Recently, the efficacy of PCT-guided antibiotic therapy for patients with severe sepsis has been investigated [11]. The study recommended that the PCT levels to initiate and discontinue antibiotic therapy be determined differently according to the individual conditions. For utilization of PCT as a guide for antibiotic chemotherapy in HD patients, it is essential to determine the normal range of PCT in the patients. Because the present study provided only preliminary data, further study to determine the normal range is needed.

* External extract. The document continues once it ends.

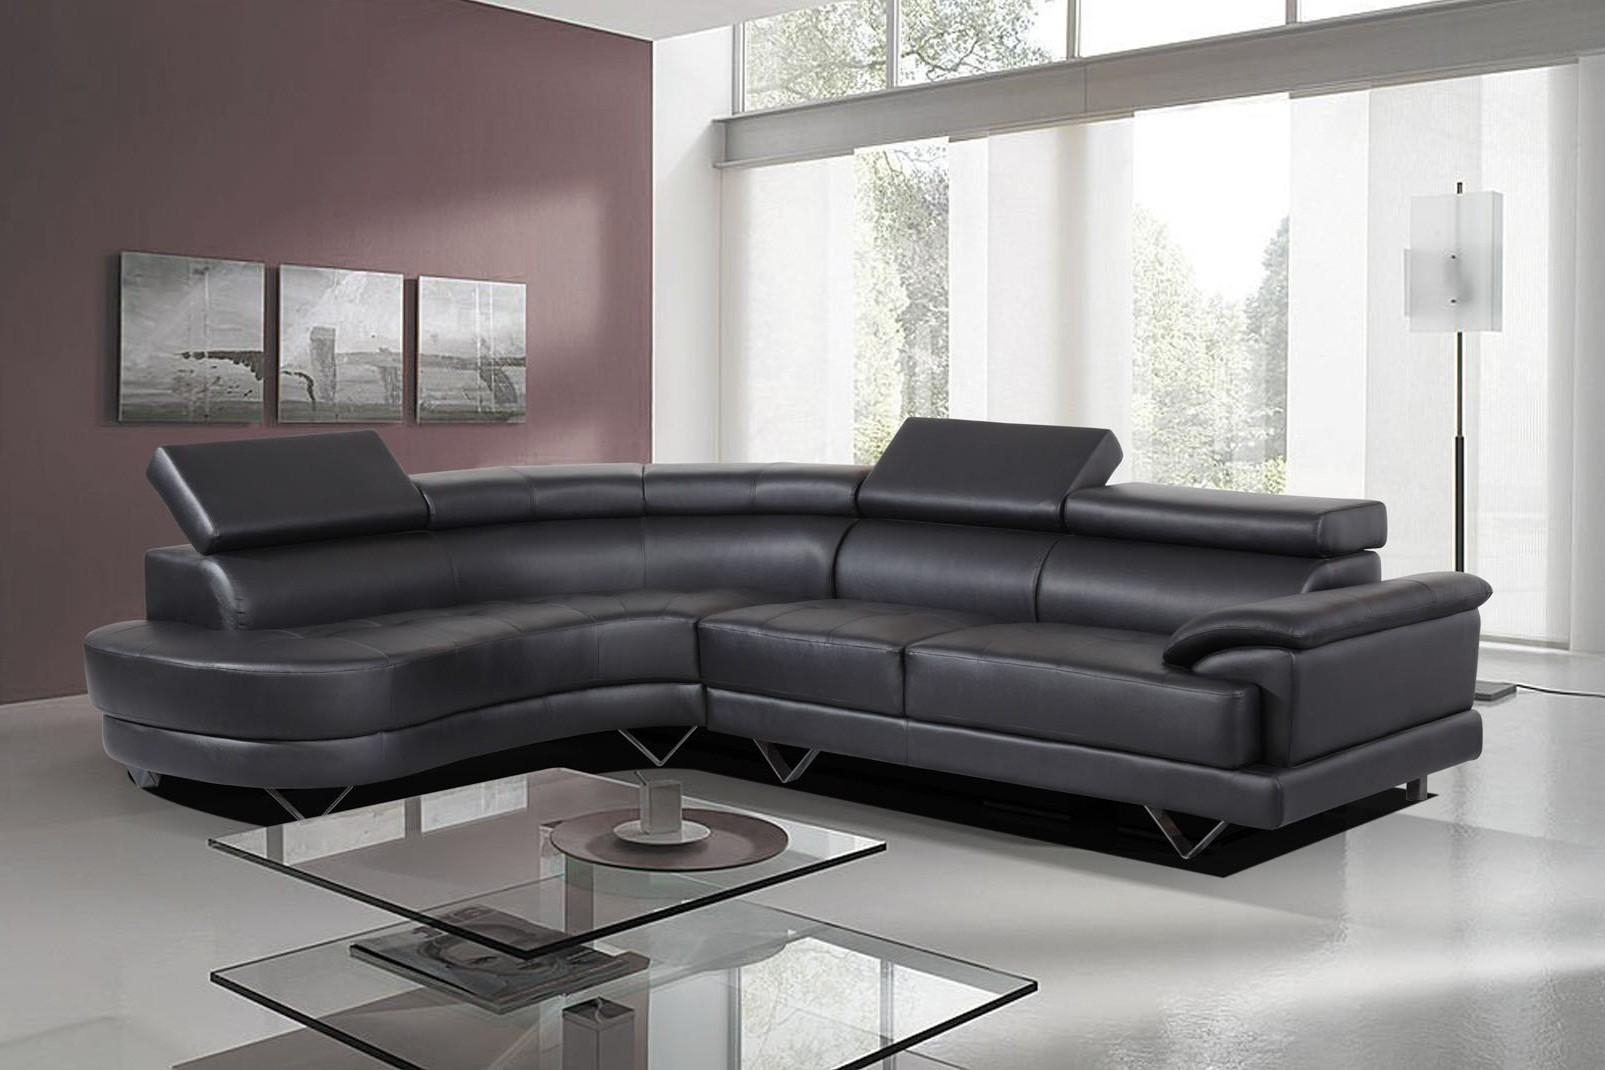 Sofa : Leather Modular Corner Sofa Cool Home Design Unique With With Unique Corner Sofas (Image 12 of 21)

A major limitation of this study is that we could not absolutely determine that the patients were free of infection including localized infection. PCT is known as a useful marker for systemic bacterial infection or sepsis. At least, systemic bacterial infection and sepsis could be rule out in this series because all of them were healthy and did not have clinical signs such as fever or poor general condition. Therefore, we thought that the results of our study was extremely important finding although further investigations are needed to clarify that serum PCT can be elevated in dialytic patients with localized infection. In addition, the number of patients in this study was relatively small, and larger studies are needed to determine the reference range in dialytic patients.


Most of the patients with hemodialysis showed normal PCT. However, a not negligible number of them had higher baseline PCT level than those in healthy individuals. In 7.2 % of them, serum PCT exceeded the cutoff point for sepsis in healthy individuals. Impairment of renal function and hemodialytic status may affect the PCT level.